La voz de Trenti ha sido mi voz de Roma. Mi profesión es silenciosa, de viajero solitario que mira una página en vez de la ventana del avión: aislamiento y silencio lleno de palabras de otro, Trenti, por ejemplo. Ahora Francesca dice algo al oído de Trenti, Un escritor es especial, me dijo la mujer de Trenti. Quiere desarrollar todos los aspectos de sí mismo y una mujer no le basta, tiene que buscar más mujeres, hablar con las mujeres, dormir con las mujeres. Yo conocí a la mujer de Trenti, y he visto a Trenti hablar al oído de Francesca, pero no al oído de su mujer, quizá porque con su mujer establezca una comunicación más íntima, telepática. Mi mujer y yo nos cansamos mucho hablando, sin dirigirnos apenas la palabra, dice Trenti. Nos cansa mucho decirnos las cosas más simples porque es repetir en voz alta lo que ya nos hemos dicho mentalmente.

Busqué por los jardines al grupo de Trenti y Francesca, pero Trenti y Francesca parecían vivir en otro mundo, en otro cielo. En el círculo más bajo de todos los cielos estaba mi fiesta, en la luna. Piero de Pieri estaba solo, en Marte, hablando por teléfono, y me vio. Levantó un brazo hacia mí. Detente. Iba a contarme De Pieri la verdadera historia de Francesca, tal como había sido escrita en el registro de algún hotel deplorable en torno a Stazione Termini y tal como la imaginaba el novelista Carlo Trenti, y la historia de Trenti y Francesca en las últimas cuarenta y ocho horas. Toda mi vida es esta multiplicación de historias oídas, leídas, traducidas, inventadas. Mi sentido de la irrealidad es mucho mayor que mi sentido de la reali-dad. Si a la luz de un foco verde descubro de pronto lo hasta ahora invisible para mí, las costuras quirúrgicas que atraviesan la cara de máscara de De Pieri, vuelvo a ver en un segundo la película de aquel hombre que se estrelló en un coche, pasó en coma cinco años, despertó y conocía las cosas que fueron y las que estaban siendo y las que serán, pasado, presente y futuro, y sabe todo de todos y por eso trabaja para la policía y está absolutamente solo. Se me acerca De Pieri, sonrisa en un jardín de individuos que se cruzan en los bosques salvajes y se enseñan los dientes como fieras. De Pieri viene a ofrecerme saberlo todo, pero pasa de largo, y un fotógrafo lo sigue. Es algo ya vivido, ya visto, un ser largo y abultado y soñoliento detrás de la cámara fotográfica, sin afeitar. Tiene el ojo derecho deformado, de acercarlo al visor de la cámara. Me hace un gesto con dos dedos, como encañonándome con una pistola. Quiere que me aparte para fotografiar al Primer Ministro, o que mire a la cámara y me disponga a ser fotografiado, y fotografiado soy.

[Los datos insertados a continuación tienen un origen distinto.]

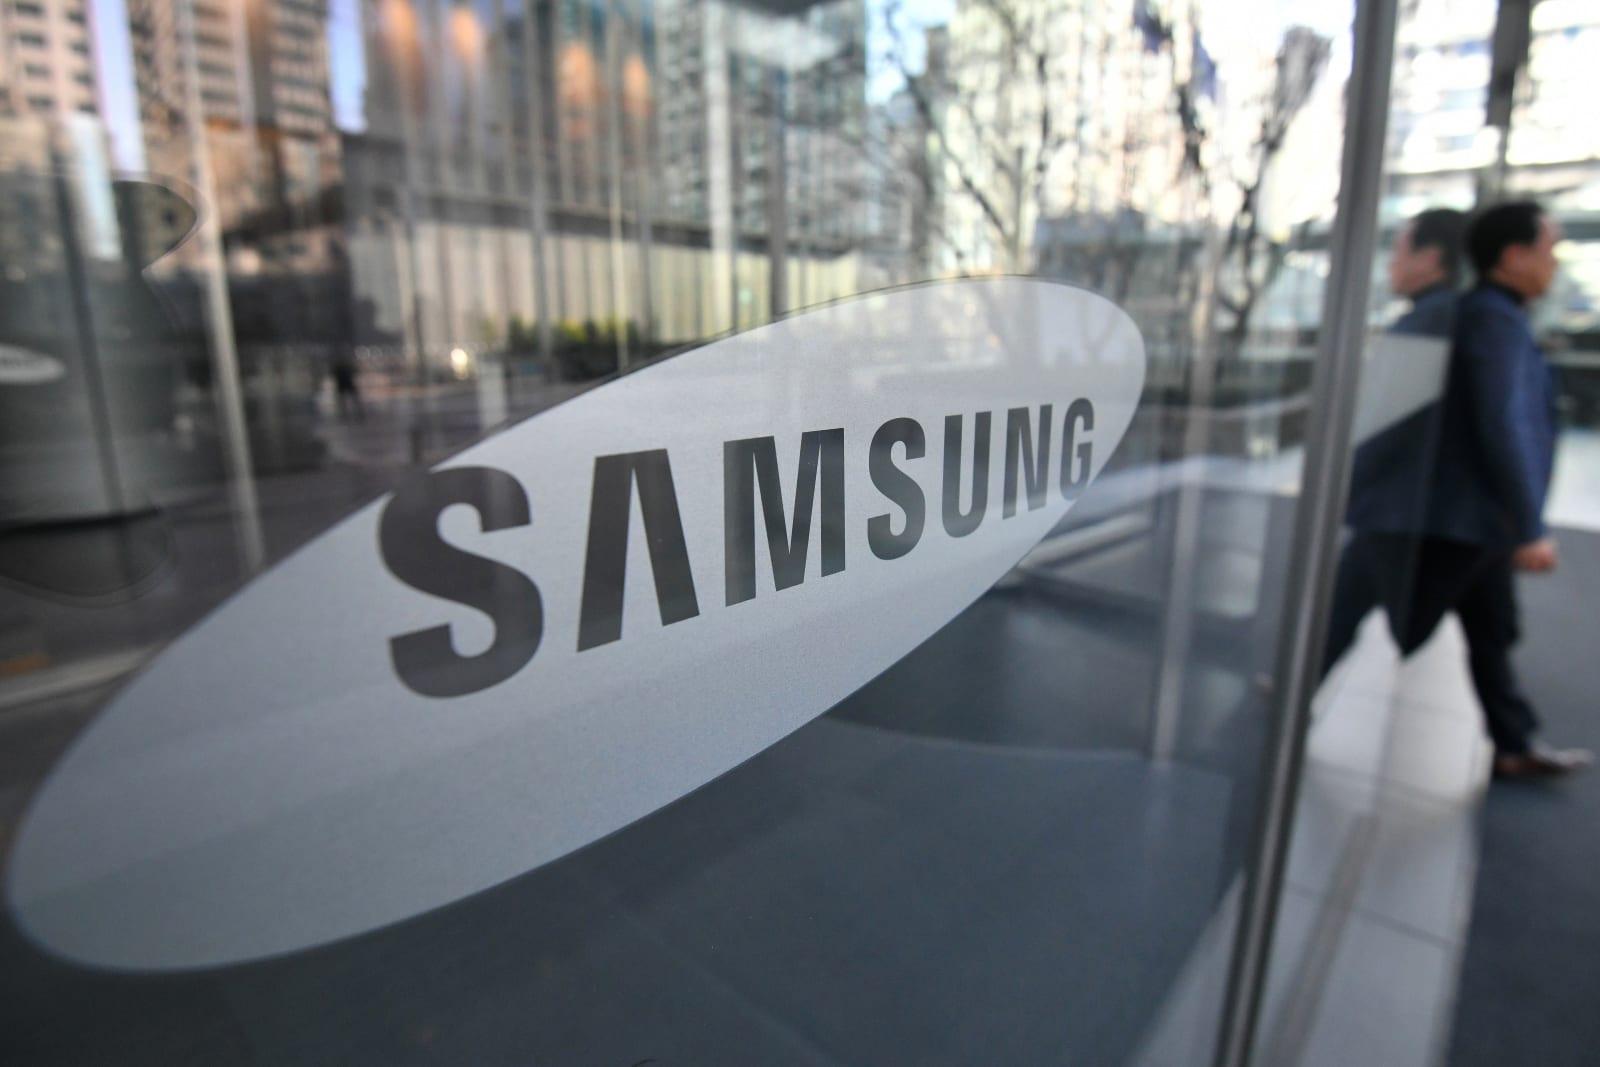 Samsung leak exposed source code, passwords and employee data

De Pieri desaparece con su fotógrafo y mi fotografía, y yo alcanzo por fin los desolados manteles arrasados, los últimos restos del banquete.

XIII. LA ETERNIDAD

Por fin alcancé la explanada del banquete, vacía como las bandejas, devorados los alimentos o derramados sobre los manteles. Había paz, una desolación de fiesta fastidiada y claustrofóbica. Las mesas se extendían ante la casa orgullosa, desnuda y herida en la segunda planta por el taladramiento para una máquina acondicionadora de aire, cerrados cristales y postigos, caja hermética de moscas muertas y muebles embalsamados. Está iluminada la casa. Una sombra crece en la pared y oigo pisadas a mi espalda. Reconozco los pasos que retumban en mi habitación, el temblor del edificio cuando a las tres de la mañana enciendo la luz y a través del techo sigo los pasos del obispo americano, de nombre desconocido para mí, más joven ahora de lo que me parecía en las escaleras y el portal del inmueble de San Cosimato, menos pesado que cuando, invisible, pasea sobre mi cabeza, pero un poco entrado en carnes, con la cadena de oro que acaba en el bolsillo superior de la camisa como el silbato de un marino, el crucifijo refugiado, irreve-rentemente oculto. Yo a usted lo conozco, me dice, lo he visto antes, hace tiempo, en otro sitio.